36th Division in World War II

MEMORIAL DAY, 1945, GERMANY

Shoulder to shoulder, the living pay tribute to fallen comrades in a ceremony in Kaufbeuren square.

On Memorial Day, 24 days after the Victory, composite battalions of troops representing all units of the Division, stood formation before the City Hall in Kaufbeuren to pay honor to the memory of their fallen comrades.

General Dahlquist summed it up this way: "Americans have gathered each Memorial Day for years to pay tribute to their soldier dead. And in all parts of the world today such meetings are being held. But to no other group and in no other place can the day mean as much as it does to us, members of the Division which has just finished 20 months of combat through Italy, France and Germany.

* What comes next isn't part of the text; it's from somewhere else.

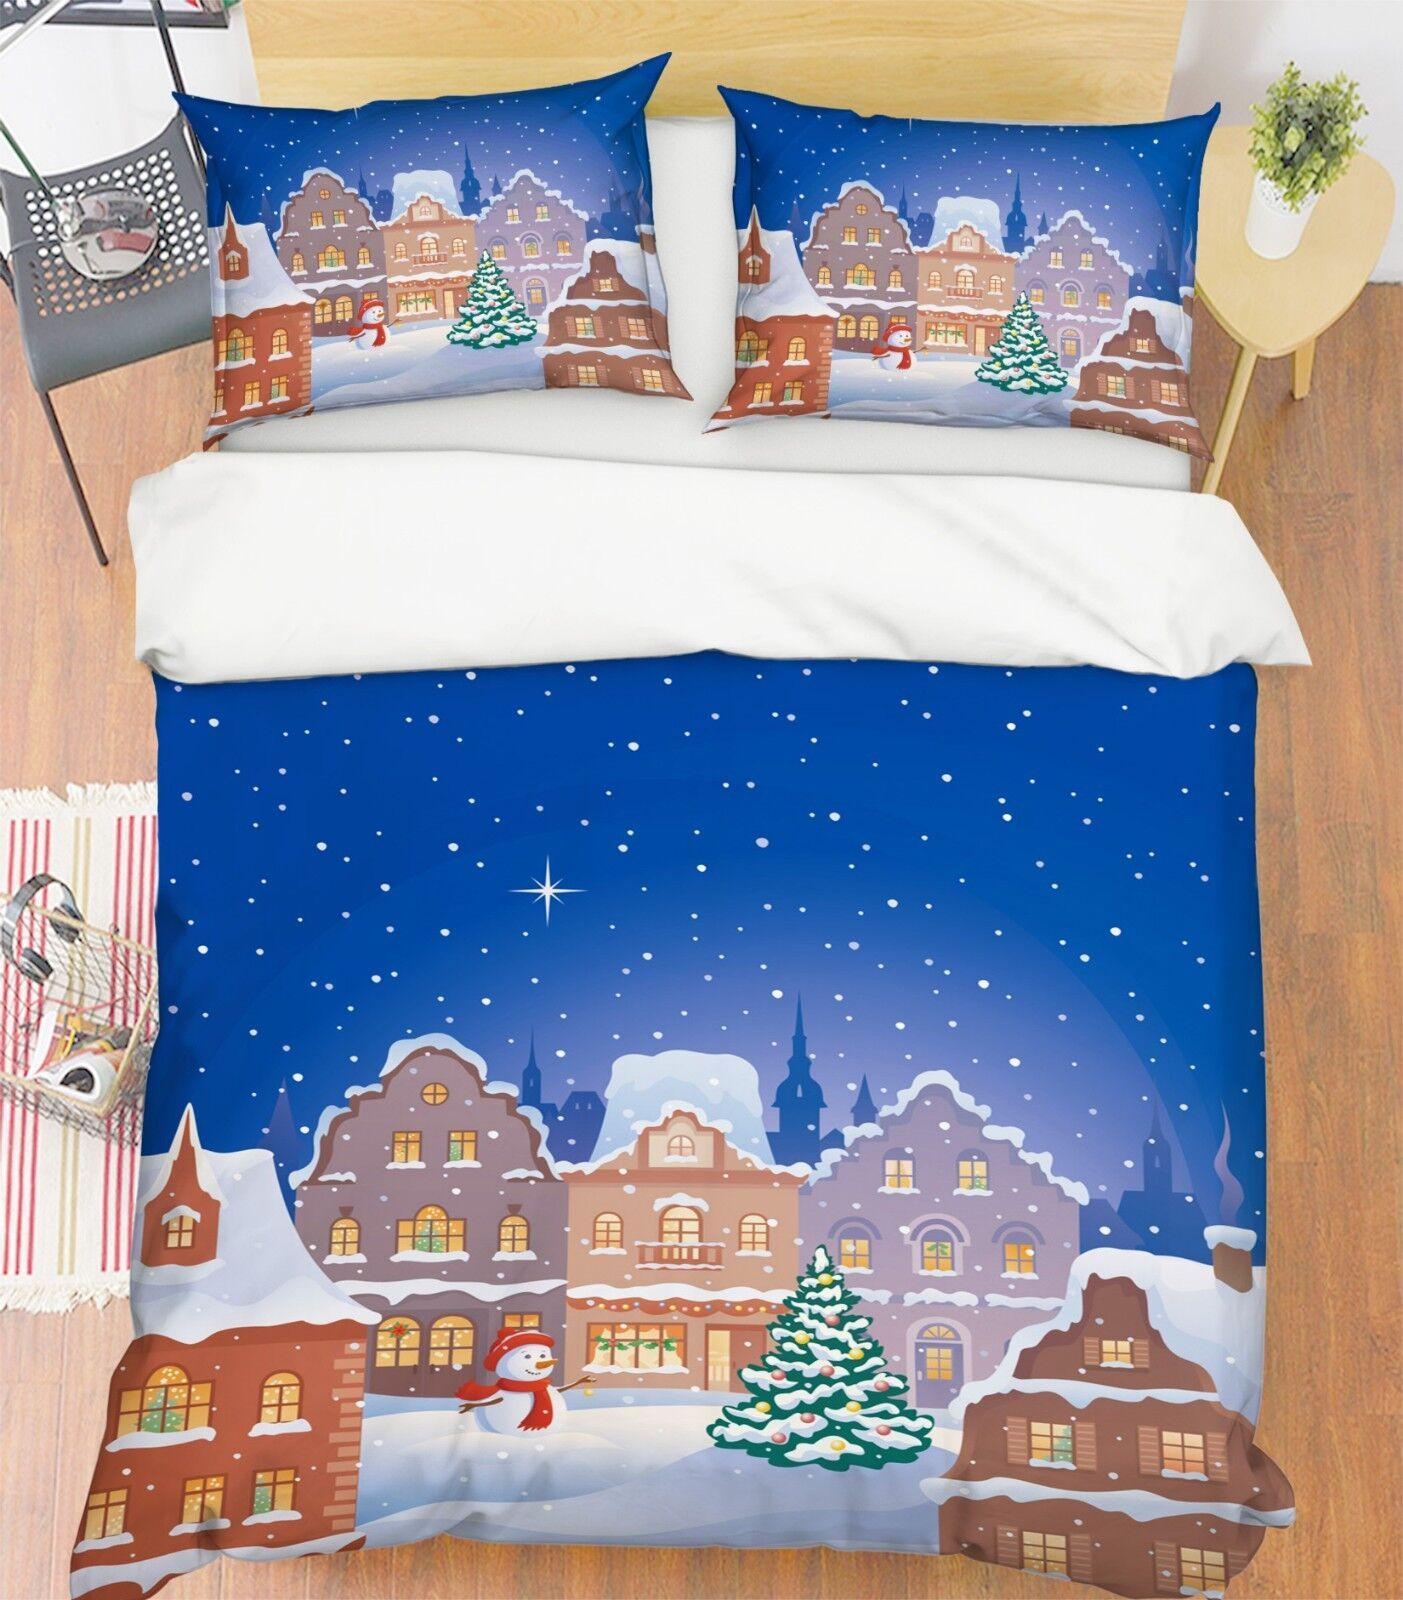 3D Christmas Xmas Starry 8 Bed Pillowcases Quilt Duvet Cover Set Single Queen UK
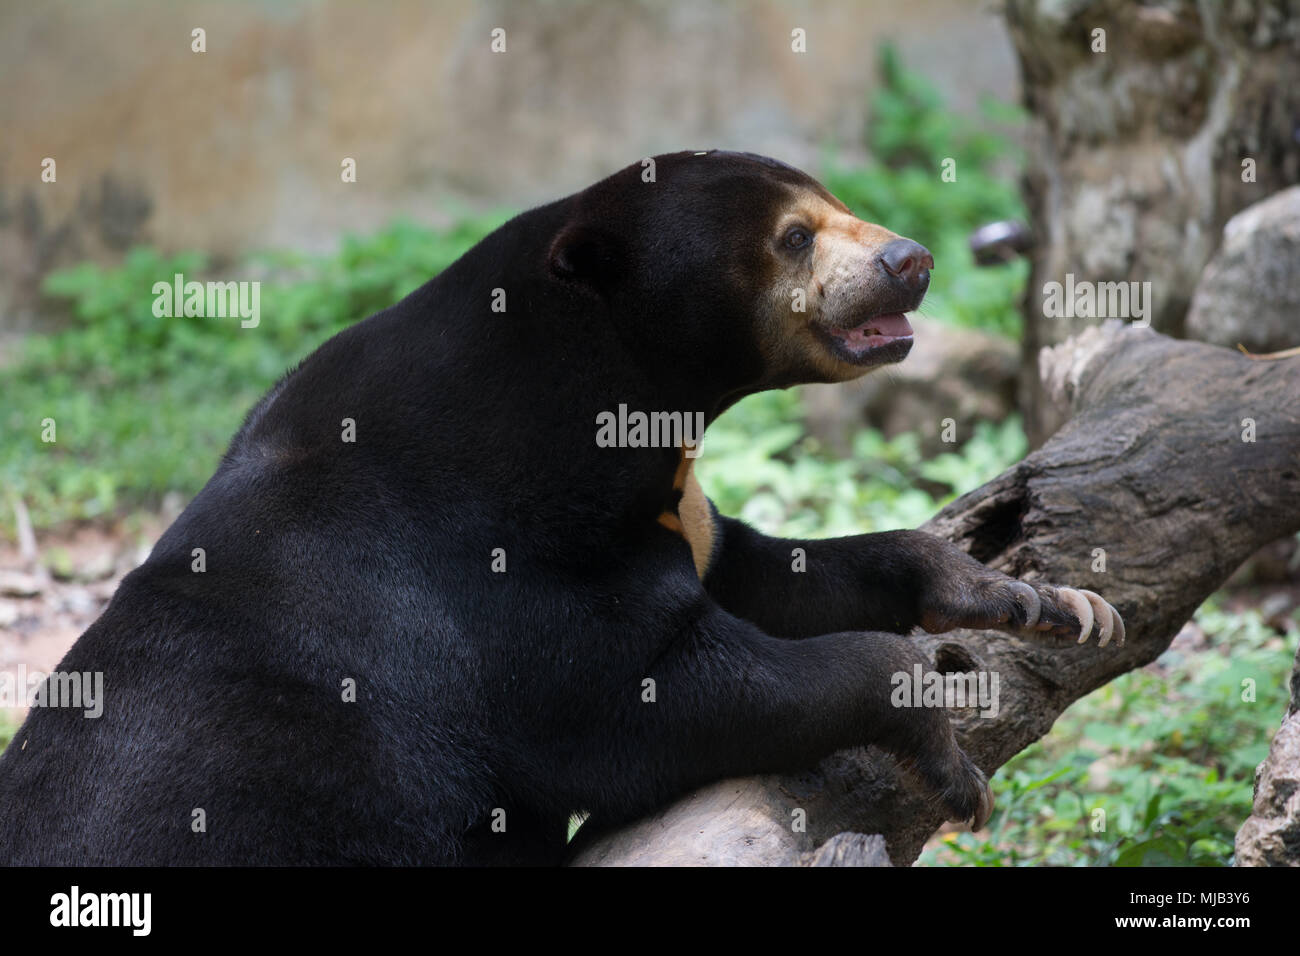 An asia black bear - Stock Image

"From September 9, 1943, on the beaches of Salerno, Italy, to May 8, 1945, deep in the Austrian Tyrol, this Division spent hundreds of days in battle. Over 6,000 of our comrades gave their lives during that period for us, for their nation, for the world. There is not one among us who has not lost cherished and dear friends. We cannot, so long as we live, forget these men because we lived with them and fought with them. They are, in fact, a part of us.

"We who have participated in this war in Europe, have seen with our eyes the human degradation of the Nazi system. Our world, our American way of life, could not have continued if Naziism had been permitted to exist.

"But stop them we did. No nation in the history of the modern world has been so completely defeated. Their entire country is under our complete domination. The rats who were their leaders have either killed themselves or are in custody awaiting trial. We took one of those leaders. Instead of the strutting, vain, head of the air force who had boasted that Berlin could never be bombed, we found a flabby, sweating weasel, who was only too anxious to squeal on his pals in the vain hope that his own neck might he spared.

The citizens of Kaufbeuren, bearing out pronounced reverence for military ceremony, lined both sides of the street to see what was going on. Their curiosity about the Americans continued unabated throughout the period that the 36th occupied the town.

"We know, therefore, that our cause was just and that our honored dead did not die in vain. The struggle is not over. On the other side of the world thousands of our comrades are still locked in a life and death fight with another enemy, as cunning, as bestial, as cruel, as was the German Nazi. But Victory here made certain Victory in the Pacific. Only when Japan lies prostrate as Germany will the task of the soldier be done.

"When that task is done, there will still remain one, a continuing one, the task of seeing to it that Naziism can never rise again. That is the task which we as citizens who are also veterans of the world's greatest war, must never forget.

"Only thus will we really honor those men to whom we pay homage today, our fallen comrades."